Ce mot ‘Rasa’ signifie en premier : « sève, suc, moelle », puis : « saveur, goût, sensation », associé aux expériences sensorielles avec les 6 saveurs bien connues : sucré -salé-acide-amer-piquant-astringent.
Mais « rasa » prend naturellement un sens psychologique, évoquant alors le sentiment, l’émotion, et le plaisir esthétique en particulier. La Tradition reconnaît 9 rasa : le sentiment érotique, le comique, le pathétique, le furieux, l’héroïque, l’effroi, l’odieux, le merveilleux et la paix.
Quand nous disons « saṃskṛtaṃ sukham », nous voulons signifier clairement que le sanskrit engendre un sentiment particulier de plaisir sattvique, de joie, de plénitude même. C’est une expérience souvent attestée par les élèves du CIS (Cours d’Initiation au Sanskrit), pourtant confrontés à bon nombre de difficultés linguistiques.
Si l’on explore plus avant ce mot « sukham » on comprend mieux ce qui est impliqué.

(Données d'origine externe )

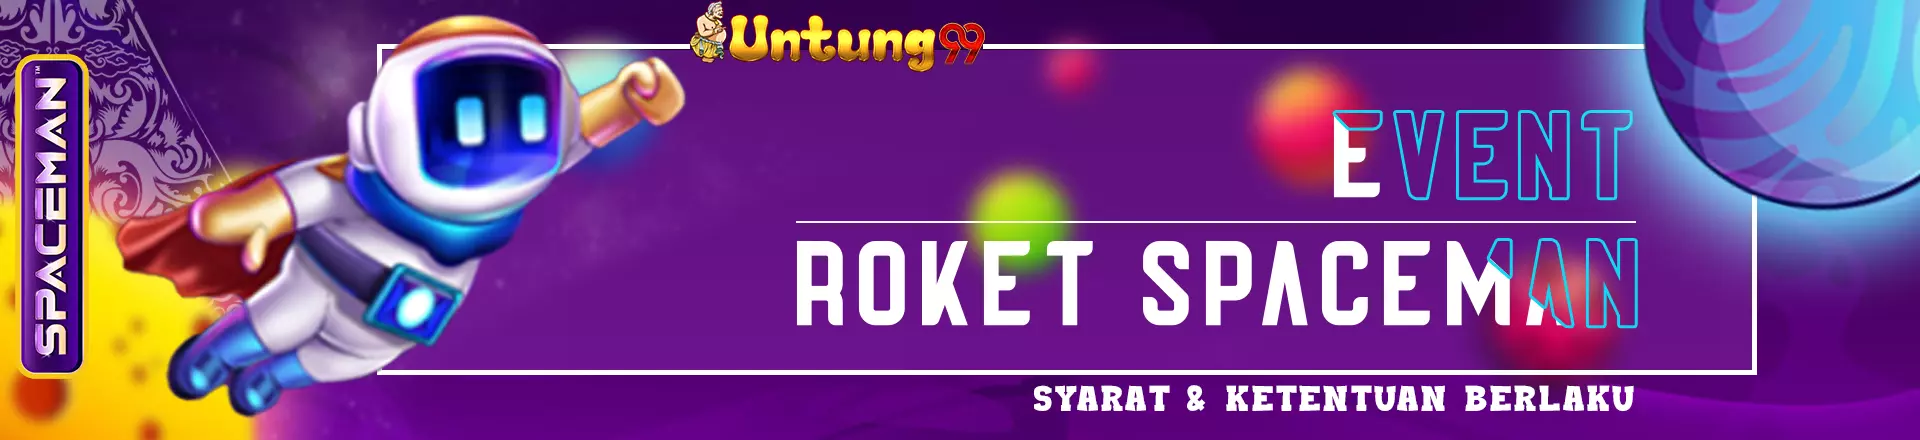 EVENT SPACEMAN UNTUNG99

Su-Kha est un adjectif formé du préfixe ‘su-‘ qui indique une valeur de « bon, bien, agréable, facile, doux et même sucré », et du mot neutre ‘kha’ qui signifie « trou, cavité ouverture », puis « moyeu de la roue, vide, air, éther ». Mot ancien, fréquent dans les Upaniṣad, ‘kha’ a été remplacé par le mot classique bien connu ‘ākāśa’. Mais il nous reste le composé su-kha, indispensable, au large champ sémantique puisqu’il va de la jouissance matérielle et plaisir sensuel, à la félicité spirituelle.
En faisant vibrer ensemble les deux composants de ‘su-kha’, on affine et approfondit le sens annoncé : il s’agit d’un espace ouvert, sans obstacle où il est facile d’expérimenter la joie inhérente à la vie, partout répandue ; une conscience de vastitude, d’expansion, apte à goûter l’Ānanda éternel, universel, inlassablement évoqué par les Ṛṣi antiques (Rishi), les voyants du Veda.
A l’inverse, le mot ‘duḥ-kha’, exact contraire de sukha par le préfixe dus/duḥ ‘mal, mauvais, difficile’, a pour sens vrai : un espace étroit, un manque d’air, et donc une difficulté à vivre, un malaise, une souffrance, dus à la contraction de la conscience qui semble se recroqueviller et se refermer sur elle-même.
La langue sanskrite a ce pouvoir d’apporter du sens et de la clarté, d’ouvrir la conscience à des espaces subtils. Elle nous reconnecte, dans l’unité, aux plans supérieurs où ne s’exprime que « sat-cit-ānanda », vérité de l’être, plénitude de joie.
Le rasa qu’elle engendre est bien sukham, délice et joie.